Berdasarkan dua pokok bahasan materi di atas, dapat disimpulkan beberapa point penting penyebab terjadinya banjir khususnya di daerah Jabodetabek apabila dikaitkan dengan perubahan keadaan DAS Ciliwung yaitu sebagai berikut:
1.      Daerah tropis memiliki variabel cuaca (awan, presipitasi, angin, suhu, dan tekanan) sebagian besar ditentukan oleh gelombang Rossby di troposfer atas (upper-tropospheric) yang berinteraksi dengan cuaca permukaan. Gangguan dari gelombang ini menyebabkan peramalan cuaca sering kali meleset dari yang telah diprediksikan.
2.      IOD (Indian Ocean Dipole) merupakan salah satu fenomena yang menjelaskan hubungan antara lautan dan atmosfer. Fenomena ini berawal dari pergeseran kolam hangat di Samudra Hindia.
3.      Yang menjadi syarat terbentuknya awan ini adalah adanya pemanasan lokal di suatu luasan terbatas yang mengakibatkan adanya beda tekanan antara daerah yang mengalami pemanasan dengan daerah di sekitarnya.
4.      Banjir merupakan simpton telah terlampauinya daya dukung lingkungan akibat perubahan lingkungan dan bertambahnya daerah terbangun, akibat kebijakan ekonomi yang terkonsentrasi di Jabodetabek.

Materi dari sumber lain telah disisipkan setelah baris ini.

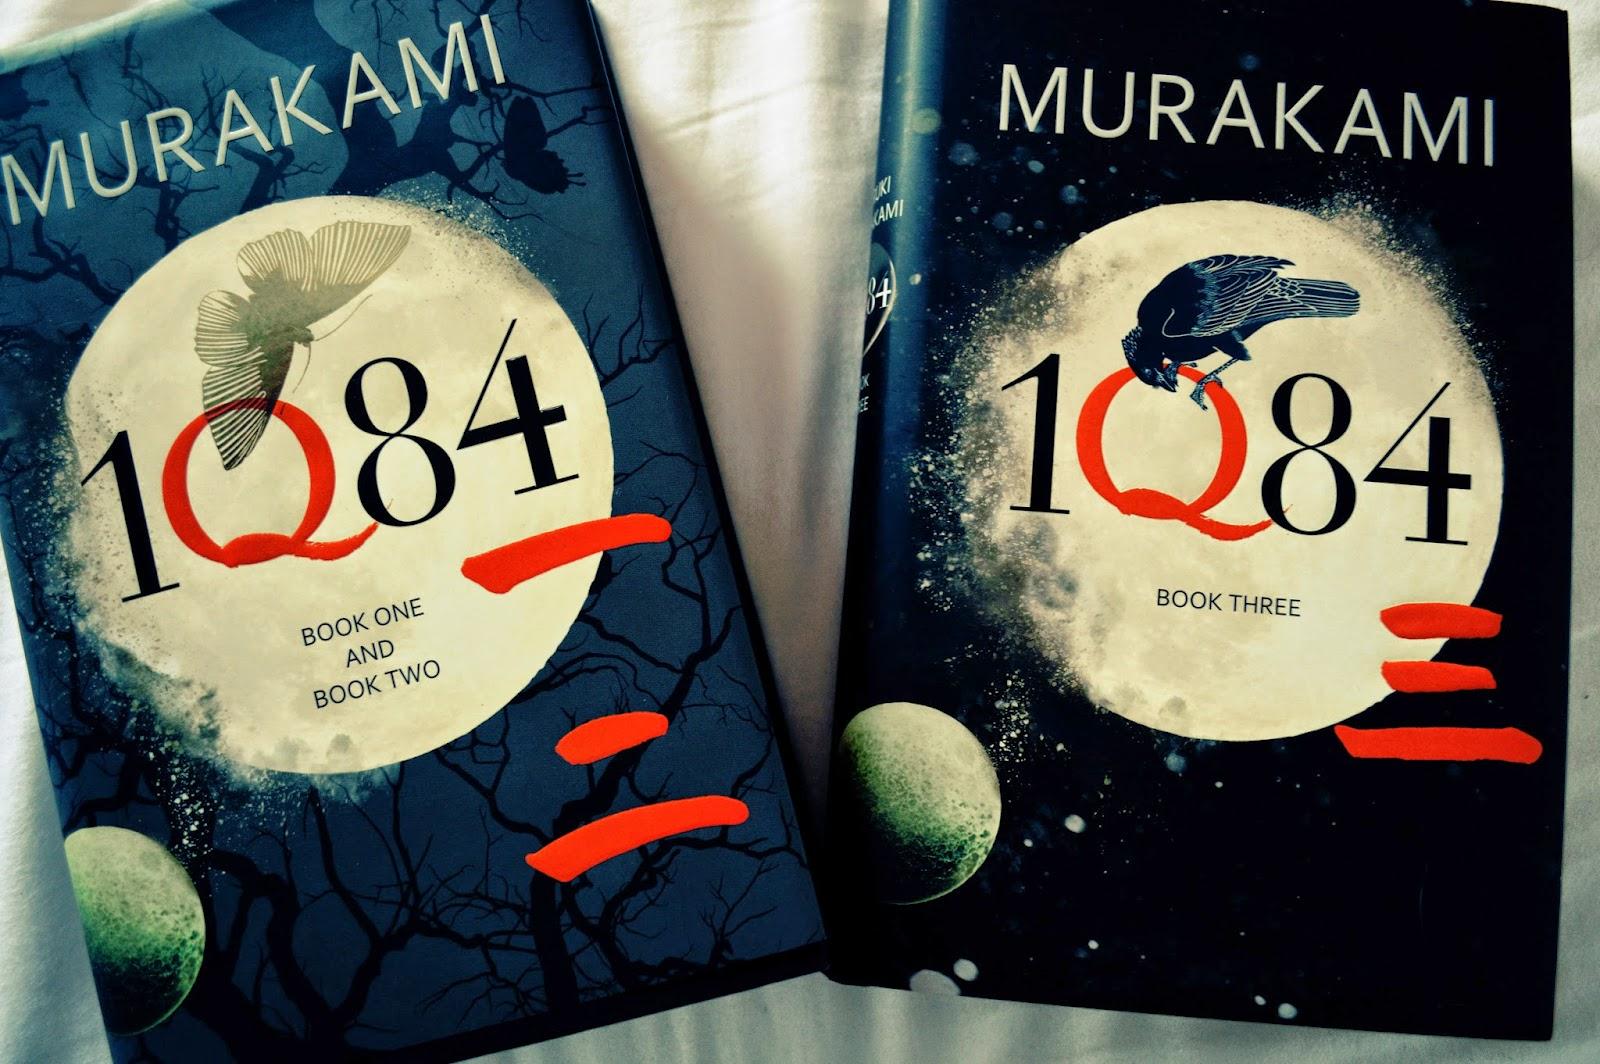 1Q84, Haruki Murakami, book 1 2 and 3, UK edition, photo, photograph, hardback, Japanese, literature,

5.      Faktor alam terutama disebabkan karena curah hujan yang tinggi, kondisi geomorfologi DAS Ciliwung yang sudah berubah, dan pasang surut air laut.
6.      Bencana banjir di wilayah Jabodetabek adalah kejadian yang disebabkan oleh jumlah resapan yang kurang serta perubahan penggunaan lahan sekitar DAS Ciliwung.
7.      Faktor lain yang berperan adalah penyempitan sungai dan berkurangnya kapasitas kanal, dan sungai dalam mengalirkan air akibat sampah dan sedimentasi dimana faktor manusia lebih dominan.
8.      Salah satu upaya untuk penanganan masalah limpasan dan banjir adalah teknologi Bioretensi. Bioretensi adalah teknologi aplikatif dengan mengambungkan unsur tanaman (green water) dan air (blue water) di dalam suatu bentang lahan dengan semaksimal mungkin merespkan air ke dalam tanah.
9.      Ada dua faktor yang menyebabkan terjadinya banjir, yaitu pertama perubahan lingkungan dimana di dalamnya ada perubahan iklim, perubahan geomorfologi, perubahan geologi dan perubahan tata ruang dan kedua adalah perubahan dari masyarakat itu sendiri.
10.  Berdasarkan kesimpulan penelitian dan kajian LAPAN (2006), bukan hanya faktor iklim yang menyebabkan terjadinya banjir, tetapi juga disebabkan oleh perubahan penggunaan lahan dan penyempitan saluran drainase (sungai) atau DAS Ciliwung yang ada.
11.  Hasil penelitian Fakhrudin (2003) dalam Yuwono (2005) menunjukkan bahwa perubahan penggunaan lahan di DAS Ciliwung tahun 1990-1996 akan meningkatkan debit puncak dari 280 m3/det menjadi 383 m3/det, dan juga meningkatkan persentase hujan menjadi direct run-off dari 53% menjadi 63%.
12.  Menurut Priatna (2001) kerusakan tanah akibat terjadinya erosi dapat menyebabkan bahaya banjir pada musim hujan, pendangkalan DAS Ciliwung, sungai, atau waduk serta makin meluasnya lahan-lahan kritis.